Carlos se encogió de hombros.
—No lo sé. Se me ocurrió como defensa en un momento en que la disputa podía acabar a golpes. Cayetano es más fuerte que yo, y yo no quería ser apaleado delante de aquella gente. Así, al menos, he traído las cosas a mi terreno.
—Aquí podría empezar la derrota de Cayetano y el fin de su imperio.

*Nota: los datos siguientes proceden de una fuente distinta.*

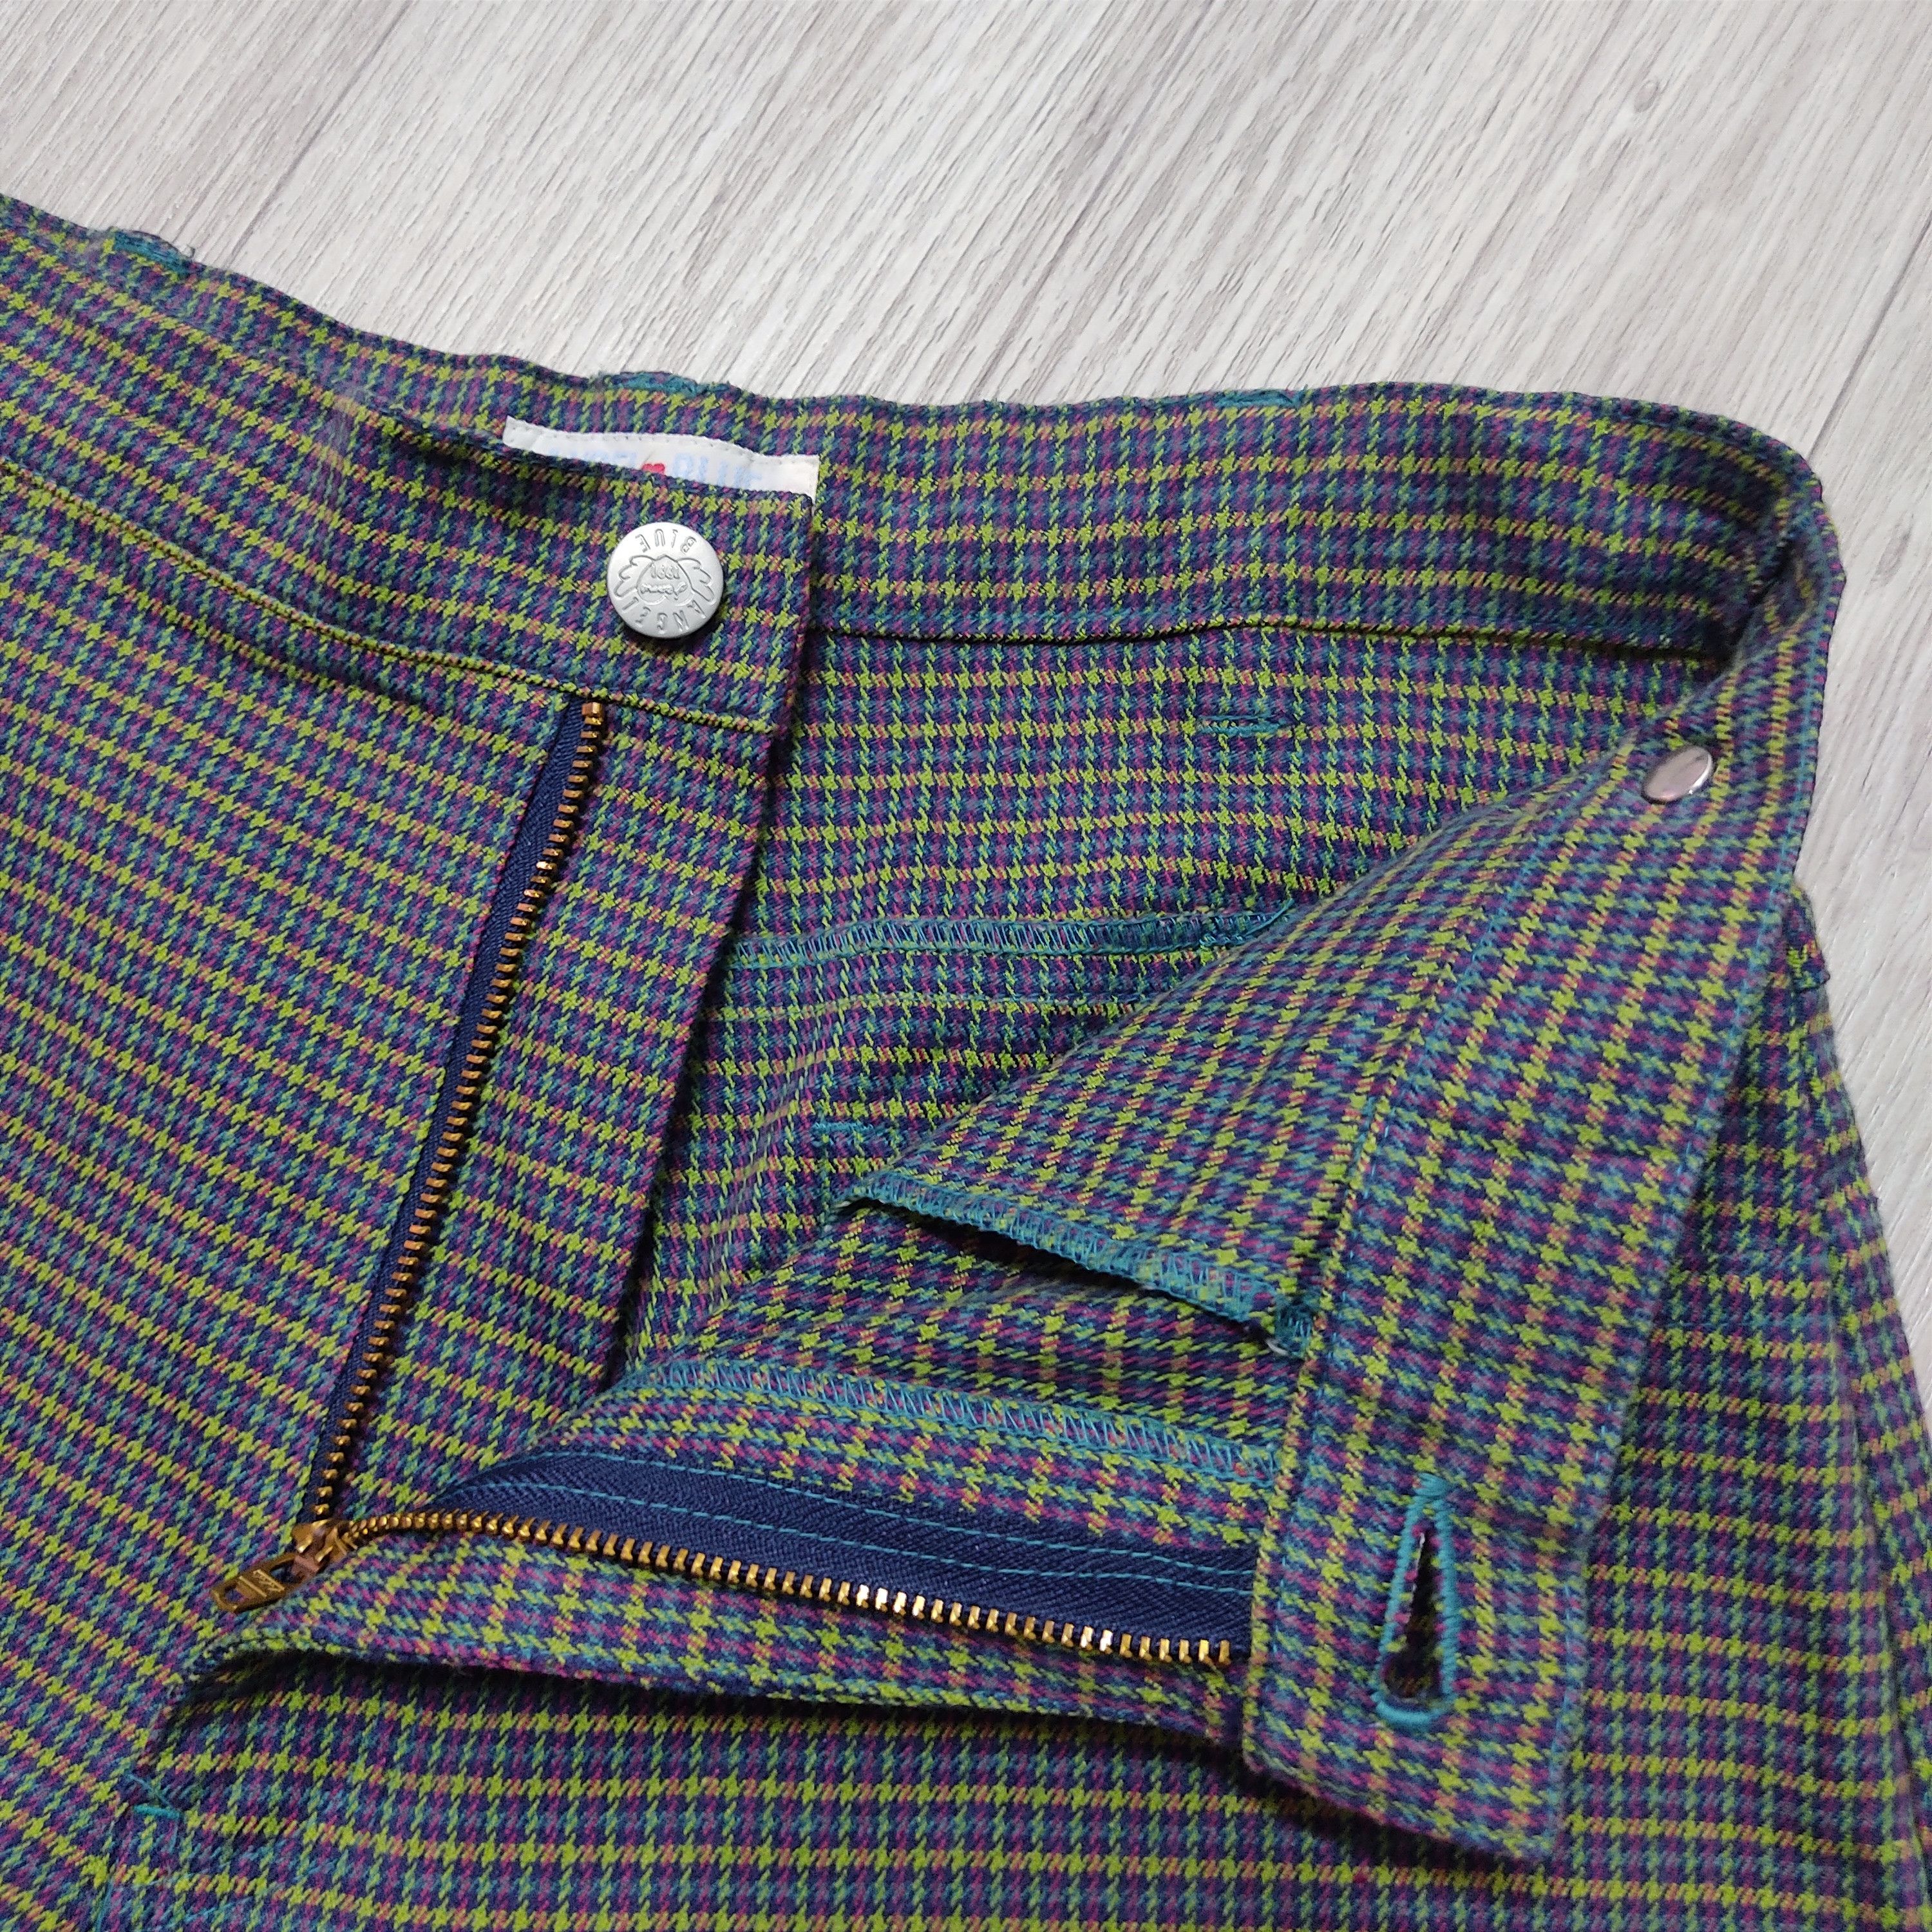 Japanese Brand - ANGEL BLUE Pleated Tartan Checkers Short Pants Skirt - 8

Eso mismo pensaba mucha gente en el pueblo, después de que los testigos fueron interrogados y exprimidos, y cada uno explicó a su manera el incidente. Los hogares más románticos se conmovieron con vagas esperanzas de libertad. En otros, más realistas, se pensó que Carlos no era rico, y que, por tanto, no podía ser poderoso, pues el poder que pudiera salir de la Ciencia no se les alcanzaba. Algunas mujeres lo sintieron de veras, porque Cayetano era más guapo que Carlos, y otras dieron por sentado que en lo sucesivo sería Carlos el seductor, aunque no barruntaban qué compensación podría dar a las seducidas. Doña Lucía pasó la noche en vela, y cuando, al fin, se durmió, soñó que el Tentador, tan parecido de cara a Cayetano, peleaba con un ángel de rostro feo, como el de Carlos, y que el ángel vencía y tomaba honesta posesión de su alma, y el ser entero de Lucía se inundaba de dicha.
Pero, de momento, no sucedió nada más. Se supo que Cayetano, la tarde misma del incidente, había ido en coche a Compostela; y que, de regreso, había llevado el coche personalmente, a velocidad rabiosa, por las carreteras frías y lunadas, y que se había metido en su cuarto sin hablar a nadie. Al día siguiente apareció en el astillero a la hora acostumbrada, algo ceñudo, pero nada más. Si su poder había sido derrotado, los indicios no aparecían por ninguna parte.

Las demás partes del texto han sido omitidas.